Can the lowest-priced DSLR deliver big-ticket images?

A higher-end camera than expected.






NIKON D50

Best suited for:
  • Sports photography
  • Photojournalism
  • Travel/vacation photography
  • Scenics (limited image size)
  • Wedding/event photography
  • Family snapshots
  • Macro photography (Macro lens necessary)
User profile:
  • First-time DSLR buyers
  • Nikon film SLR owners who want to add a DSLR
  • Pro or hobbyists who need a backup Nikon DSLR body.
When it was introduced last year, the 6.1MP Nikon D50 was touted as offering customers "the thrill of Nikon digital SLR performance" for a very un-Nikon-like price of $899.95, including the 18-55mm f/3.5-5.6G ED kit lens. Half a year later, it's now selling for $669.95 with the kit lens ($569.95 without it), making the D50 one of the least expensive digital SLRs currently on the market (see chart).

At a price that's not much more than an EVF camera, does the D50 give a true SLR performance? Let's find out.

Price comparison of entry-level DSLR bodies (as of Jan. 12, 2006)
Nikon D50 6.1MP $569.95
Konica-Minolta Maxxum 5D 6.1MP $599.95
Olympus EVOLT-300 8MP $619.95
Olympus EVOLT 8MP $619.95
Pentax *ist-DL Super 6.1MP $629.95
Canon Digital Rebel XT 8MP $789.95
A look at the camera

The first thing I noticed when I unpacked the D50 was that the camera seemed sturdier in build than I'd expected for a "low-end" DSLR. The crackle-finish black body has a generous-sized rubberized grip in front and a slightly raised thumb rest in back, making it very comfortable to hold.

With a polycarbonate body and metal frame, the camera feels quite solid. At 1 pound 3 ounces and measuring 5.2x4x3 inches, the D50 is a tad heavier and slightly larger than most other cameras in its class, as befits a camera with a metal chassis. It's fairly streamlined, and most controls are logically placed; some of the controls found on the D70 have been moved into menus.
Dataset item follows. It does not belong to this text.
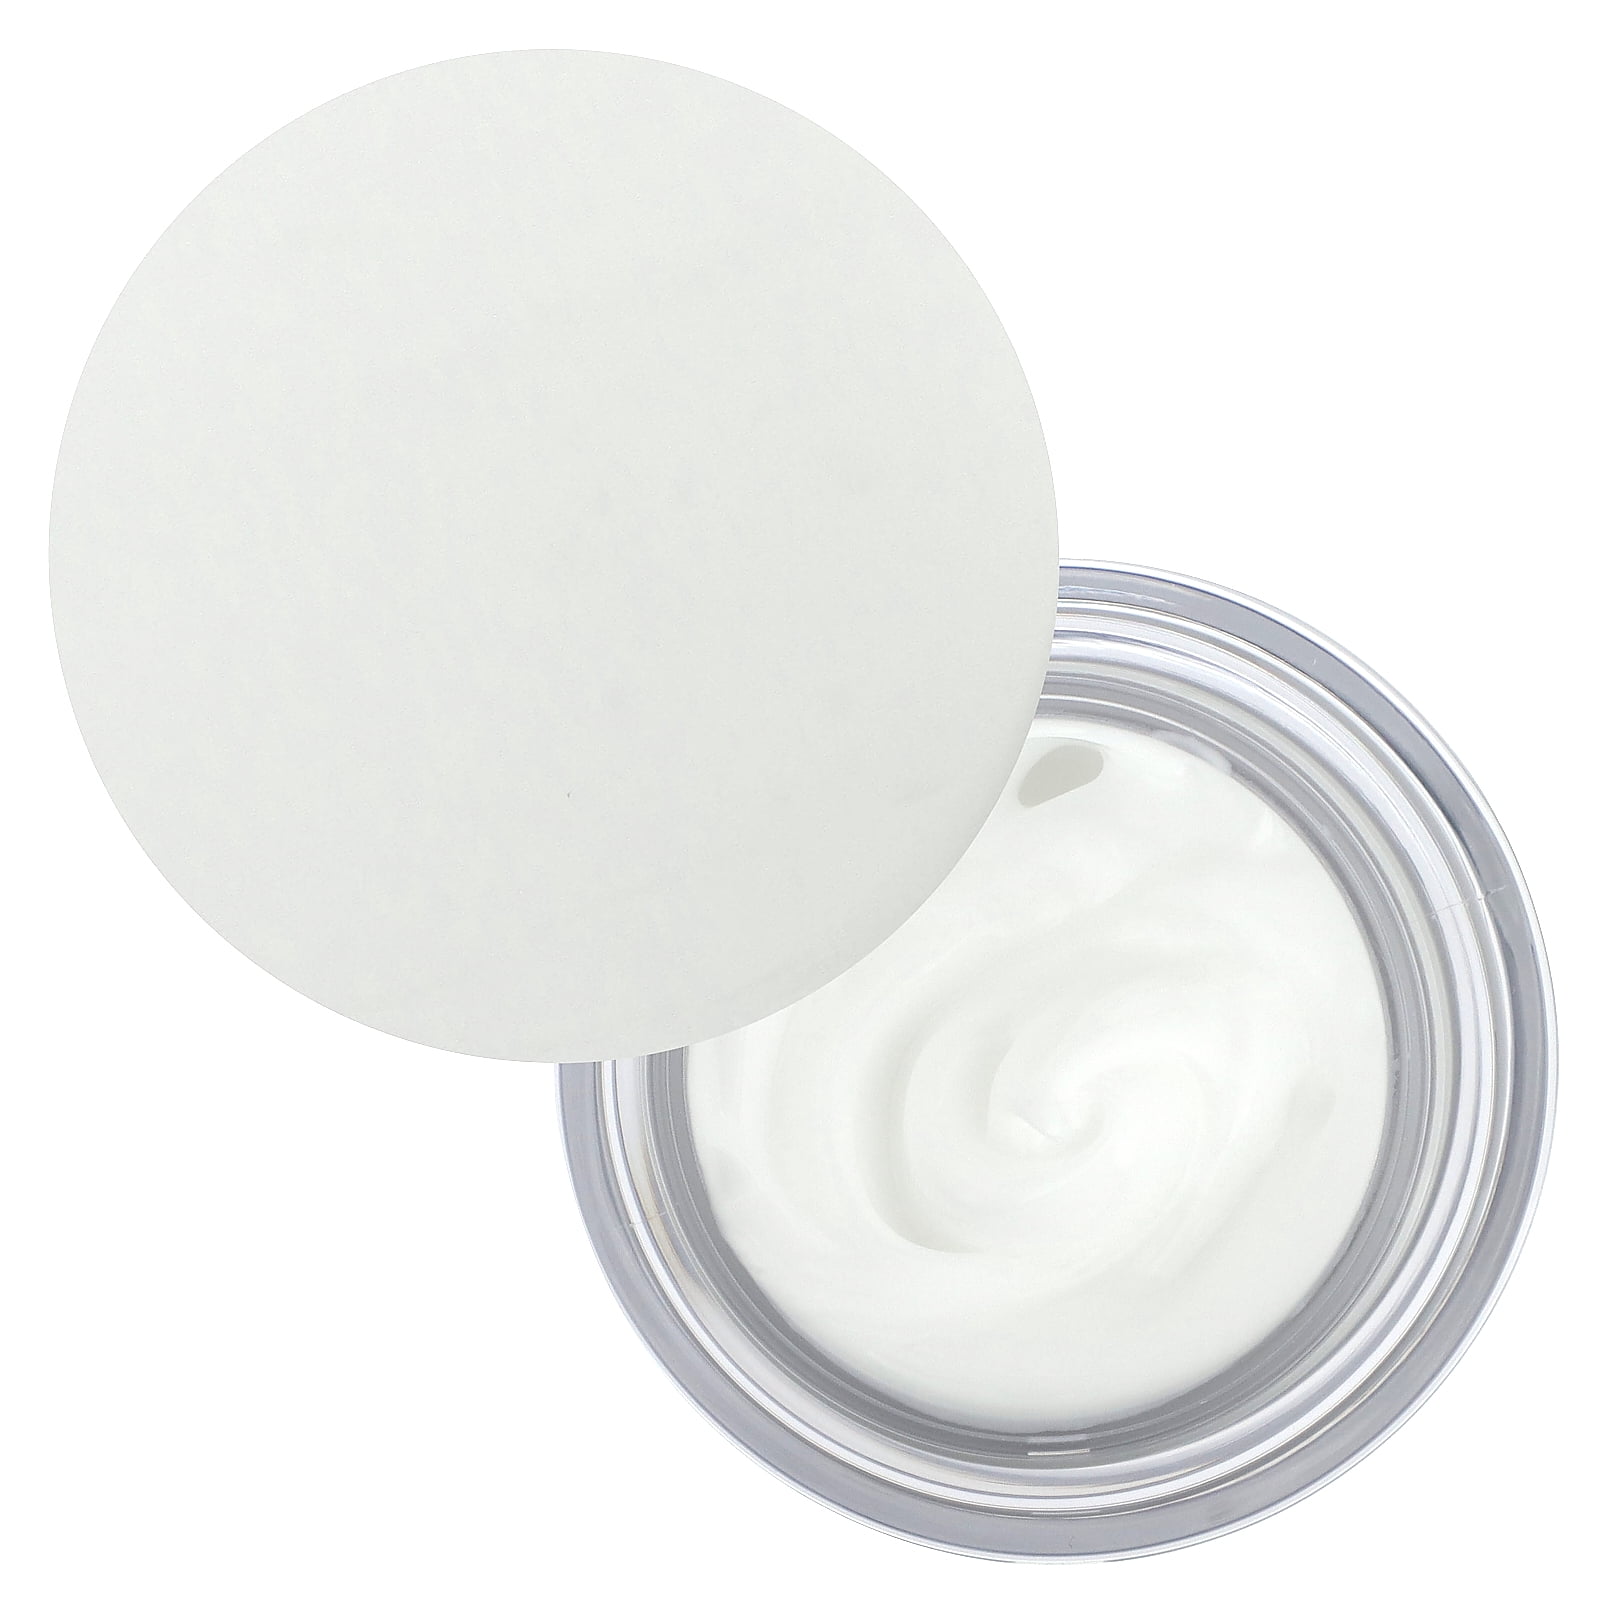 AMPLE:N Hyaluron Shot Eye Cream Hyaluronic Acid Moisturizing Eye Cream to  Smooth Skin Texture - Minimize Wrinkles & Dark Circles - Under Eye  Moisturizer with Caviar for Nourishment 0.85 fl.oz.

Nikon D50: Positives and Negatives

Positives
  • Low price
  • Extensive features
  • Fast, responsive shutter
  • Takes most Nikon lenses, flashes
  • Powerful built-in flash
  • On-screen tutorials
  • One of the smallest, lightest DSLRs
  • 1.5x lens magnification factor
Negatives
  • Hesitant AF in low light
  • 6.1MP lower than most SLRs
  • Bulkier than a compact camera
  • 1.5 lens magnification factor
  • Some Nikon functions stripped out

The 6.1MP CCD sensor is not the highest-resolution in its class (that honor is shared by the Canon EOS Rebel XT and Olympus EVOLT 300 and 500) and that may explain its lower price point. The D50's resolution may also be a deal-breaker if you like to make big blow-ups or tend to crop your images. But if you rarely venture beyond 11x14-inch prints, you will have plenty of resolution.

There are four JPEG settings, plus NEF RAW and an option to capture NEF plus basic-quality JPEG images simultaneously. Three image size settings are Large (3008x2000 pixels), Medium (2256x1496) and Small (1504x1000). ISO settings range from 200 to 800.

The kit lens is an 18-55mm f/3.5-5.5 G lens, introduced at the same time as the camera. I found it to be well constructed, with a nice wide zoom collar. One bothersome detail: There is an autofocus/manual focus switch both on the lens and on the camera body. So, if you happened to change either switch to the manual focus setting, the camera defaults to manual focus. I found myself doing a double take several times when the focus wouldn't function. Suggestion: choose to always use either the lens or camera focus switch to avoid confusion.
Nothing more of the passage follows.